People throughout the world, citizens and leaders, are horrified by what Putin has unleashed in Ukraine. Many demand accountability. The fact that accountability is seen in terms of an international prosecution instead of revenge killings is progress, though the possibility that will happen is not high. The ICC must have jurisdiction over the person, that is, the suspect must be in a state that can and will arrest him. As long as Putin remains in Russia or a friendly state such as China, arrest is highly unlikely. The ICC cannot try a person in absentia. They have to be present before the Court.

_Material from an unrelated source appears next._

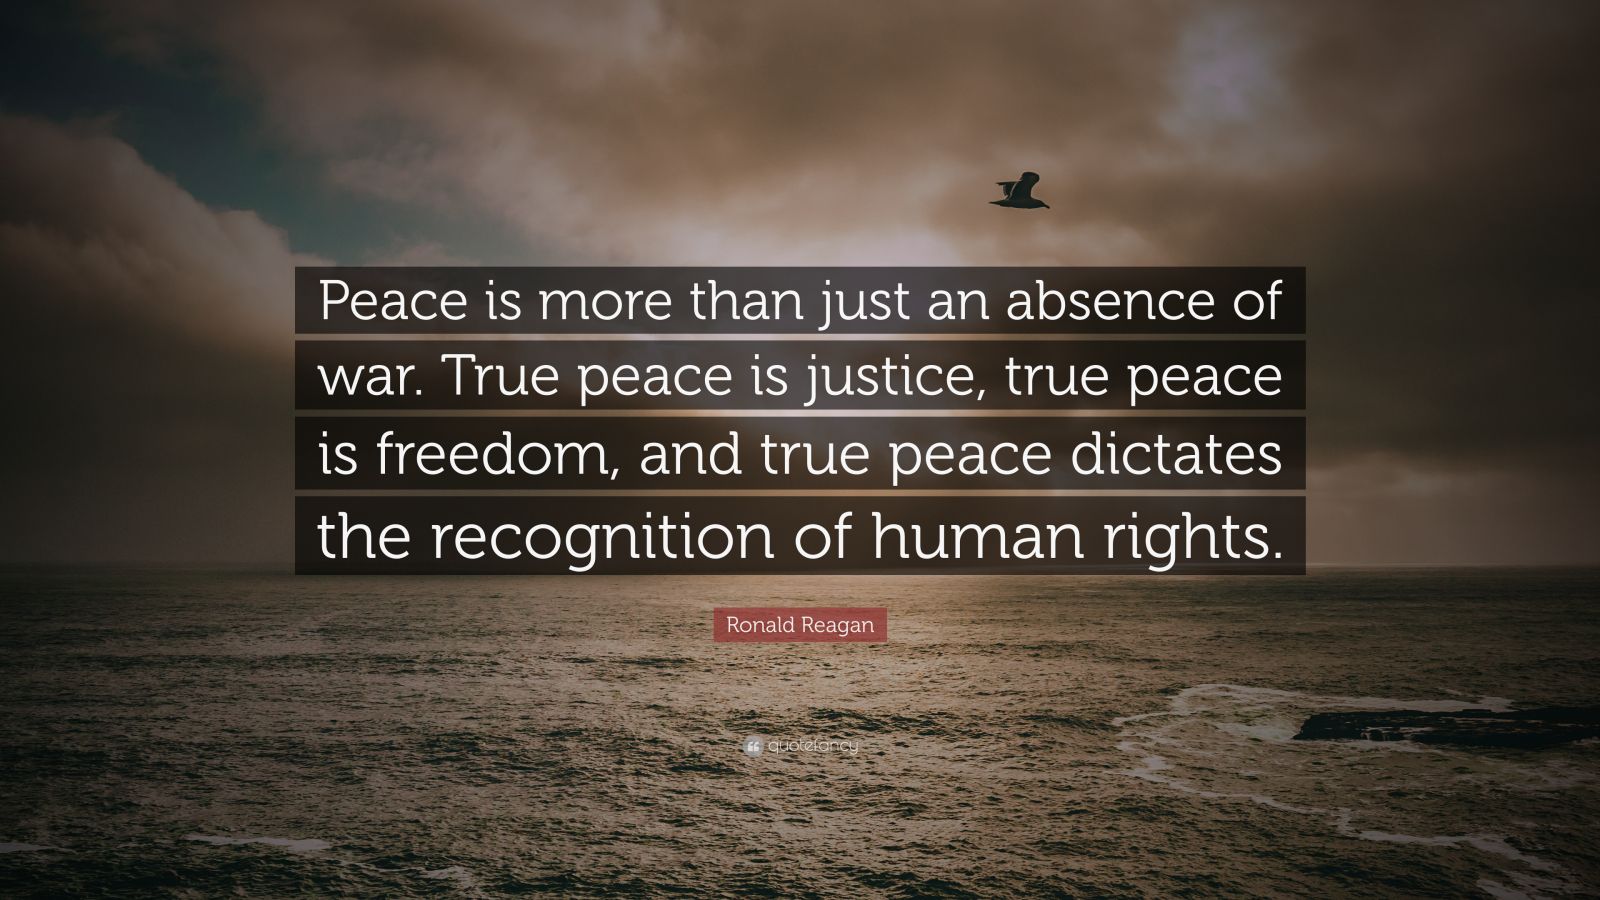 Ronald Reagan Quote: “Peace is more than just an absence of war. True ...
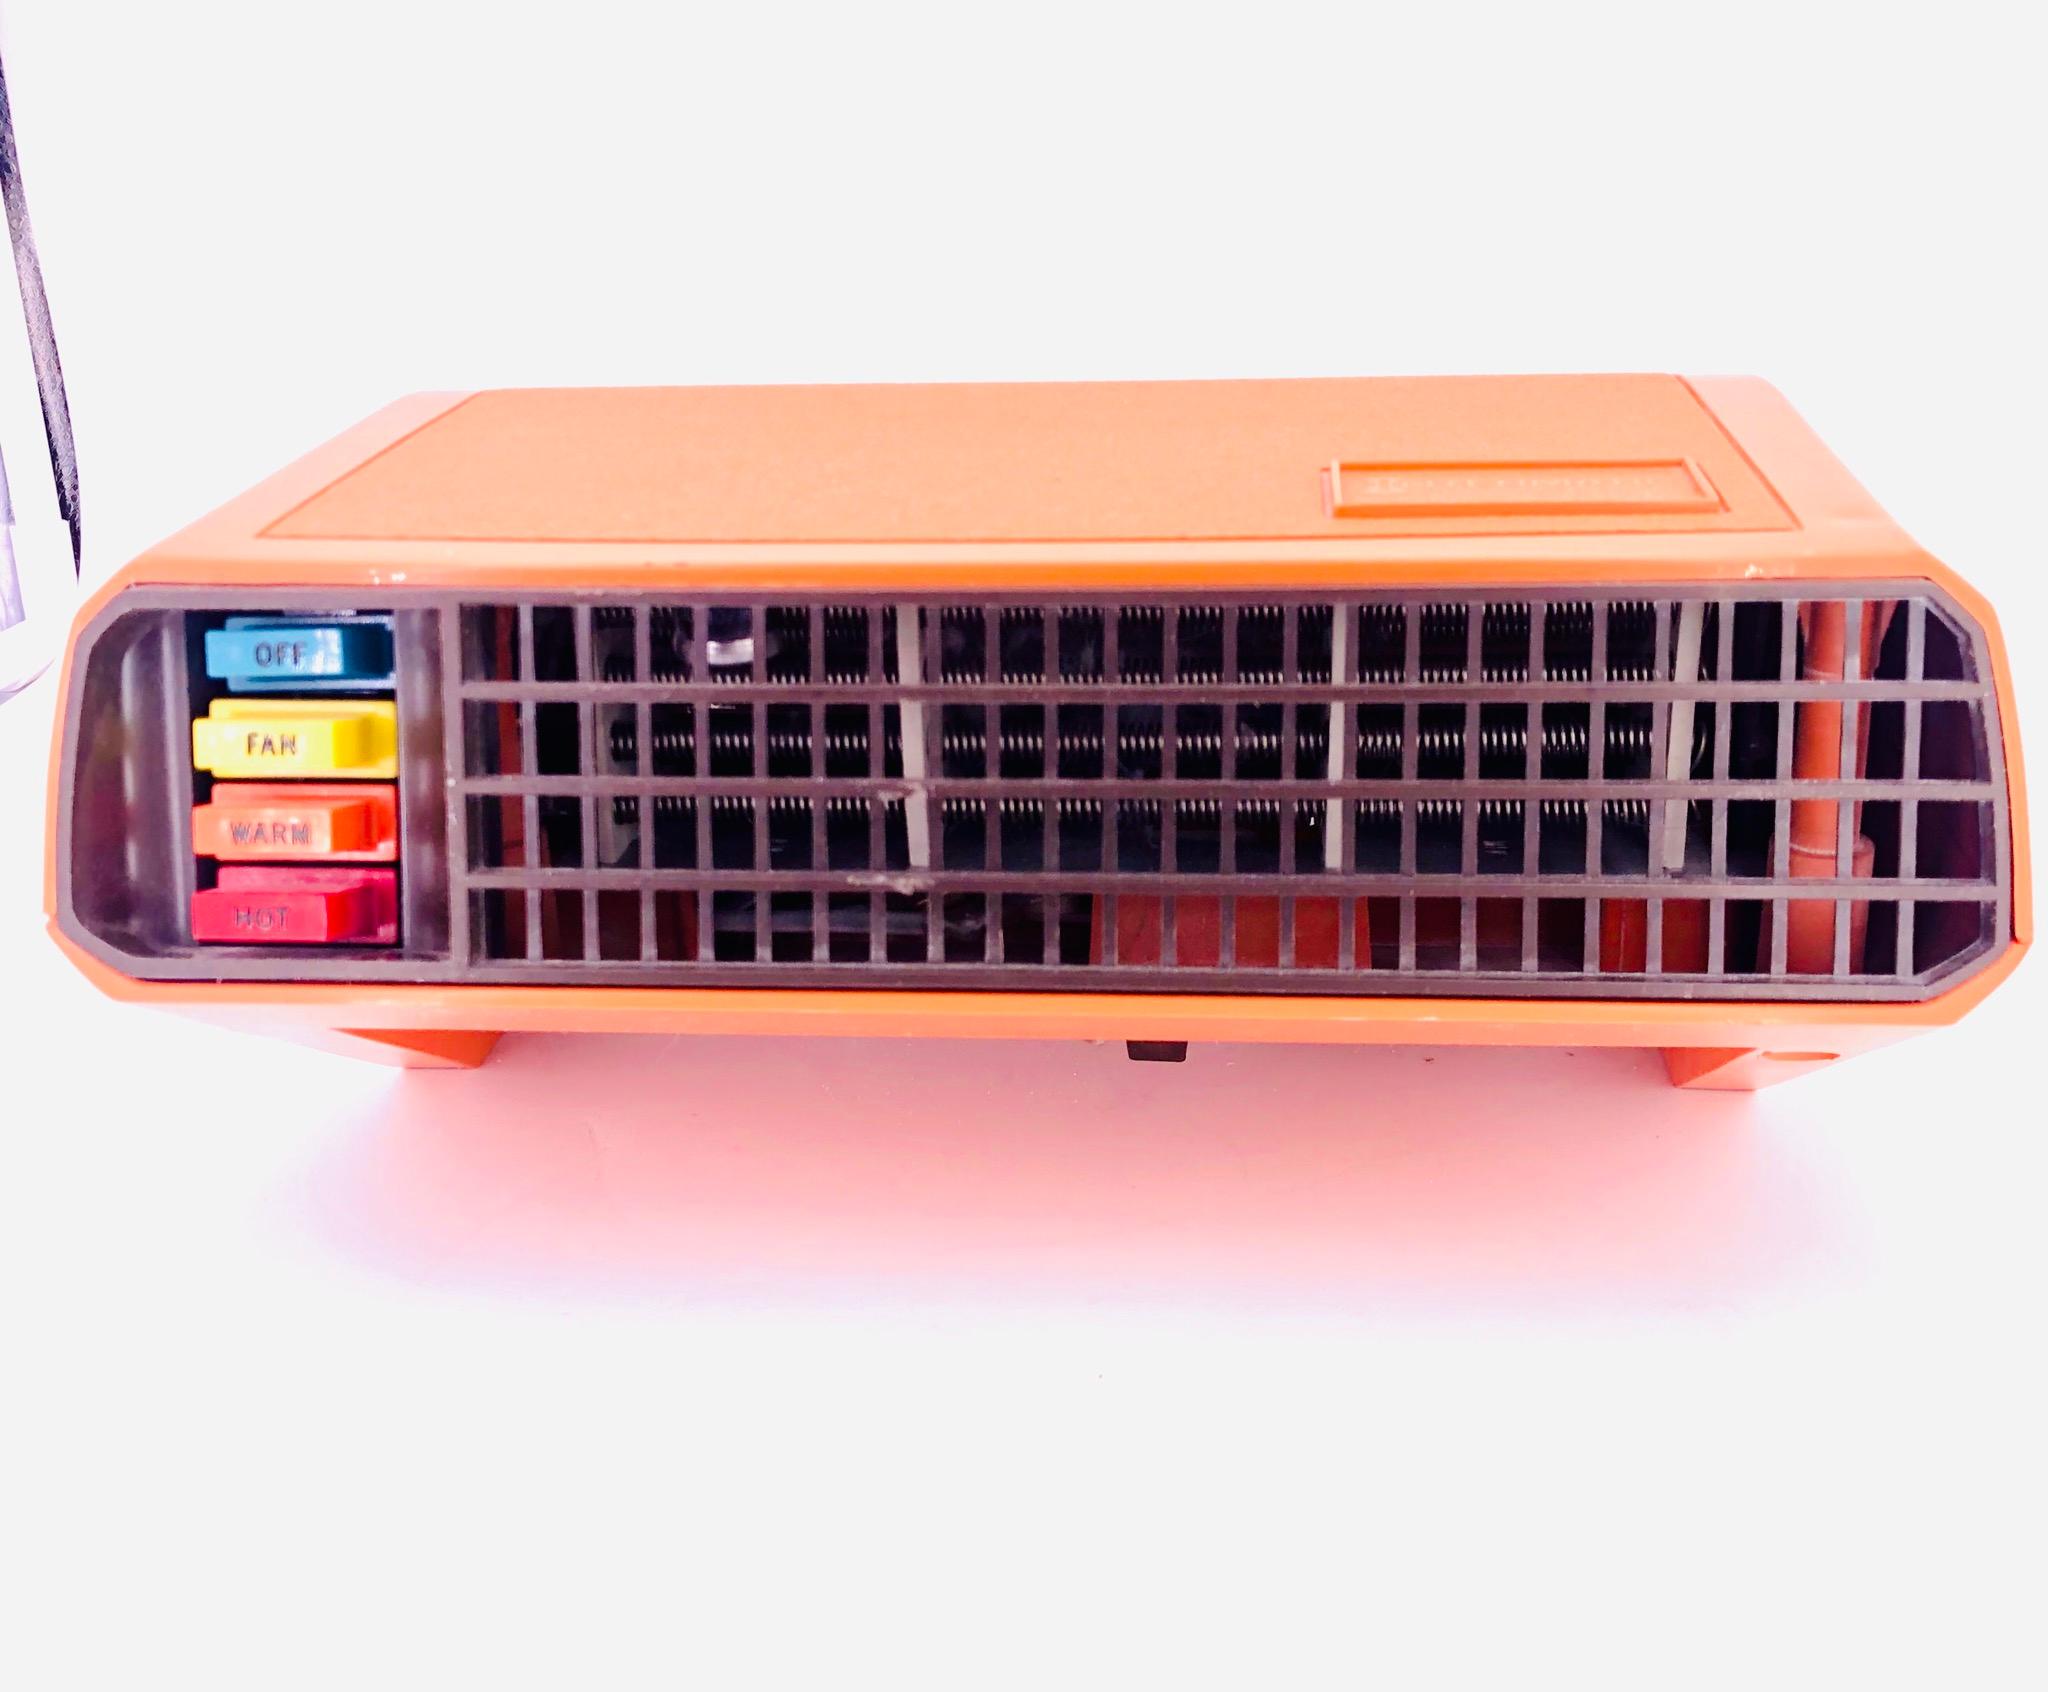 American Space Age design, on this cool portable heather by Intermatic heatwave in perfect condition very light use, with thermostat. Great orange color.

What does that mean about impunity? Is it still dominant? No doubt, but there is still hope. In Serbia, Milosevic lost favor with the public. They voted him out of office (Serbia was a soft dictatorship that maintained a patina of democracy) and arrested him for misappropriation of state funds and abuse of power. Zoran Djindjic, an opposition politician, arranged for his transfer to The Hague to stand trial before the International Criminal Tribunal for the former Yugoslavia for war crimes. Milosevic also overplayed his hand by attempting to cleanse Kosovo of its Albanian population. After more than a year of massacres, destroyed villages, nearly a million refugees, and unsuccessful negotiations, NATO had finally had enough. For 78 days, the military alliance pounded Serbia with bombs. Shortly after the ICTY chief prosecutor indicted Milosevic for war crimes, crimes against humanity, and genocide, the Serbian leader capitulated.

The situation in Ukraine is different. Serbia did not have nuclear weapons with which to blackmail the West. Nor did it have military forces to rival Russia’s. While the population rallied behind Milosevic, they were also tired of sending their young men off to one more war. The press was censored, but not as completely as in Russia. There was no question about ICTY jurisdiction.

Given Putin’s much stronger position, is there any chance he will be held accountable for the war crimes for which he is responsible even in some distant future? That is a question without an answer, crystal balls and Ouiji boards being out of favor. What concerns me is that the West will grant him immunity in exchange for taking only the Eastern part of Ukraine or it will force Ukraine to relinquish any hope of joining NATO or other Western alliances. Will Putin then forego other aggressions? Give up his dream of Empire? Or will he consider it a win, leaving the door open for future misadventures? Perhaps, I’ll dust off that old Ouiji board to discover whether it’s truly the twilight of impunity or merely twilight.









[1] President Bill Clinton signed the Rome Treaty at the 11th hour of his presidency. President George W. Bush unsigned it on taking office.